Eagle Scout candidate reflects on Berlin curb-painting project
BERLIN— When he began painting house numbers on the curbs in front of town residences to earn his Eagle Scout Badge, the biggest surprise for a 13-year-old Eagle Scout was “how big the town was,” he said.
Cole Norman now knows there are roughly 2,400 houses in Berlin.
Norman and 10 of his friends, age 11-15 years old, have painted the curbs in front of 1,500 of the 1,800 houses with curbs. They plan to complete the remaining 300 houses by the end of November, he said.
Perhaps not since Tom Sawyer has a band of friends been lured into a paint job with such an unanticipated twist, but Norman said it was something he really wanted to do.
“I always wanted to be a fire marshal,” he said, adding that the curbside house numbers help first responders easily see them in the event of an emergency. He decided to try the project in Berlin after seeing it online, he said.

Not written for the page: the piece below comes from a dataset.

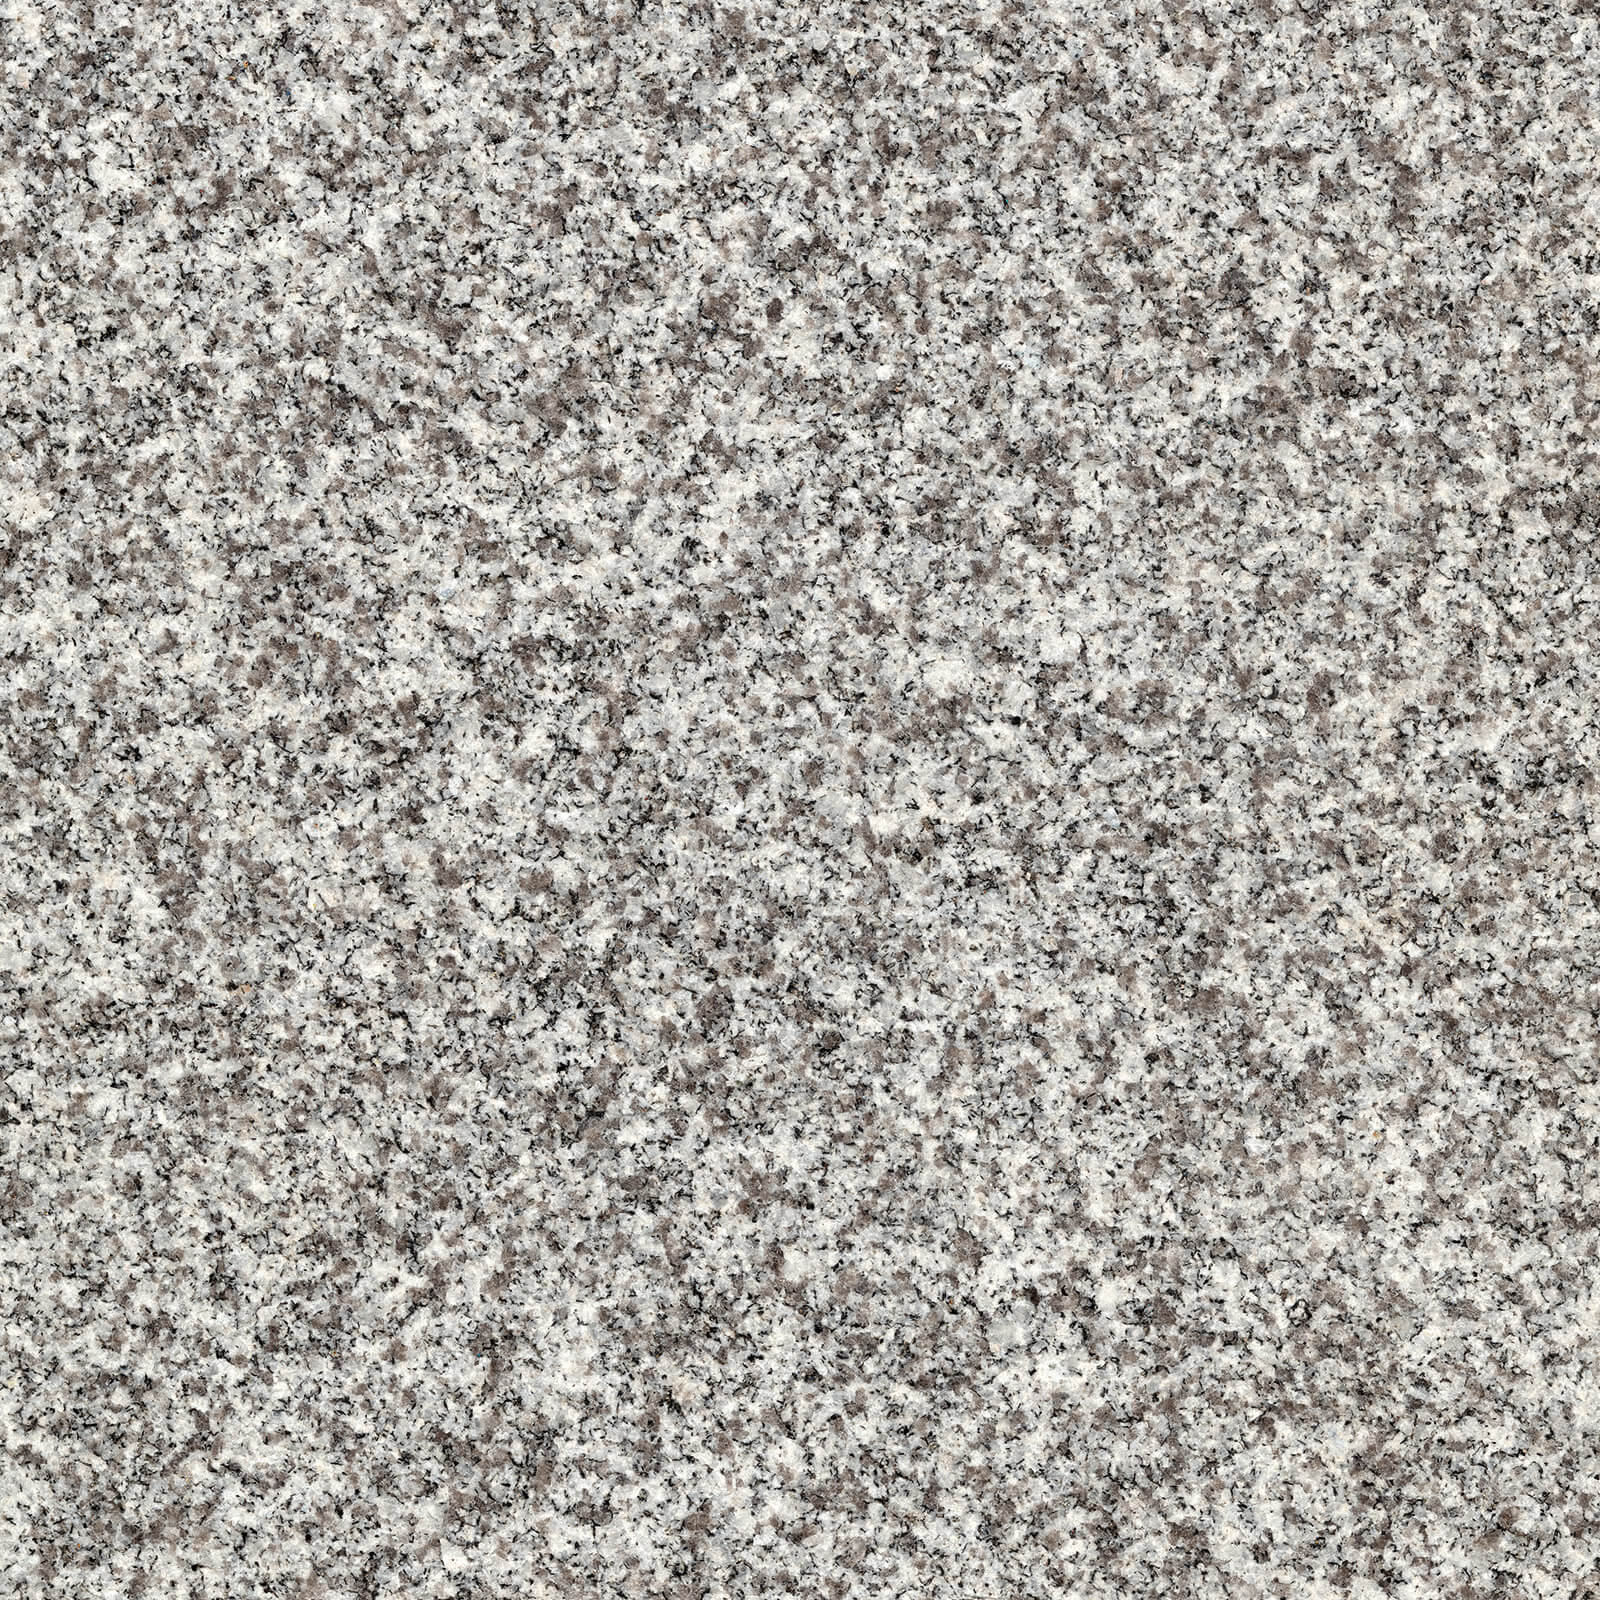 Woodbury Gray Structural Stone Llc

He first proposed the project to Berlin Mayor Gee Williams and the Town Council at a meeting. That was the most daunting part of the project, he said.
“It was a little scary,” Norman said. “I was afraid they might say no.” But he also received a encouragement he received from Williams.

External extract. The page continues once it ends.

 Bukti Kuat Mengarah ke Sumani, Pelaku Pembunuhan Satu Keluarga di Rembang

“He told me that I was going to make an impression on the community” and that an opportunity like that was very rare, Norman said. Apparently the memory of that comment stayed with him throughout the project.
Norman distributed flyers describing the project and asking homeowners for their permission to paint their curbs. Only five or six said “no,” he said.

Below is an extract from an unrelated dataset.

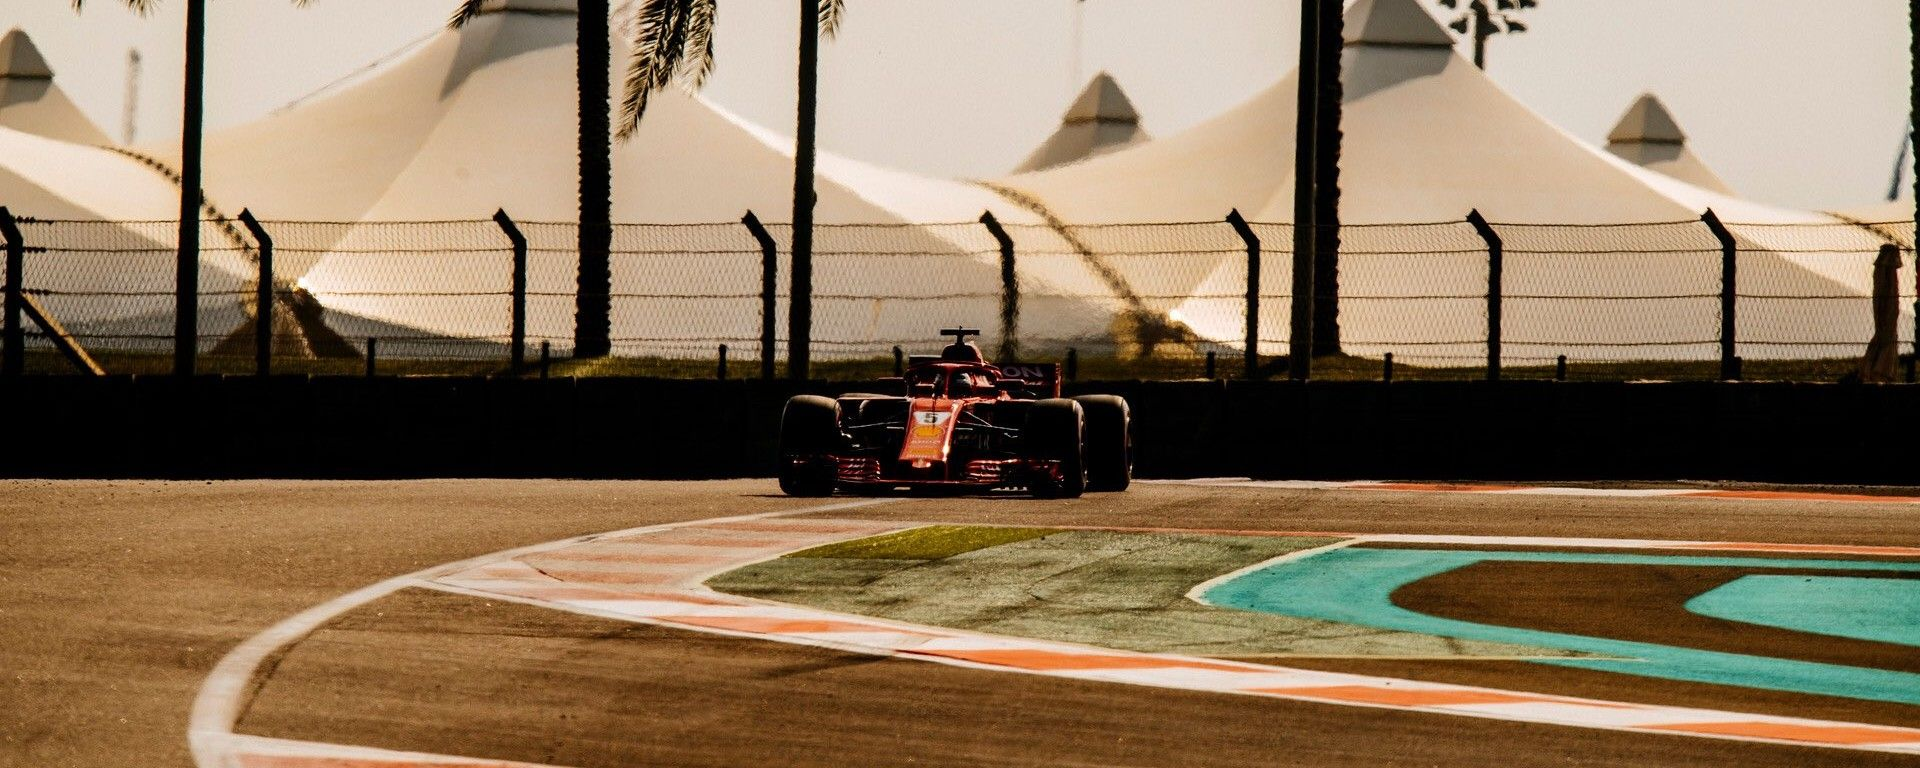 Test Pirelli Abu Dhabi 2018 - Sebastian Vettel (Ferrari)

The actual project consisted of two people holding the stencils and one applying the paint, first to paint a white square on the curb, then after it dried to center the house number in black paint on the white square. The total process take 10-15 minutes per house, Norman said.
Norman has been a member of Berlin Scout Troop 225, which has 54 registered scouts between age 10 and 18 years old in the Berlin and Ocean City area, for nearly four years. The troop is sponsored by Ocean City Elks Lodge #2645.
Norman has been a Life Scout for the past nine months. Before that, he spent seven months as a Star Scout, he said.
With the completion of the project, he will advance to Eagle Scout, he said. He added that he is already working toward trying to earn an Order of the Arrow rank, which is an honor scout designation.
The Boy Scouts of America is offering a service grant program for Life Scouts who are preparing to advance to Eagle Scout. The $100 grants are funded through Lowe's Charitable and Educational Foundation and pay for supplies, materials or services used for an Eagle Scout service project.
During 2012 more than 3,000 Scouts received $100 grants for their Eagle Scout service projects through the foundation, according to the BSA.
In early 2014, Norman hopes troop leaders will have reviewed his project and town officials will have signed off on it. After that, he will be eligible to receive his Eagle Scout Badge and pin at a ceremony usually conducted during either the spring or summer, he said.
Asked if he had received any feedback from the homeowners whose curbs had been painted, Norman said, “A lot of them said it was very good. They liked it.”
To other Life Scouts considering their own Eagle Scout projects, Norman advised, “Plan ahead and don’t give up. It’s worth it.”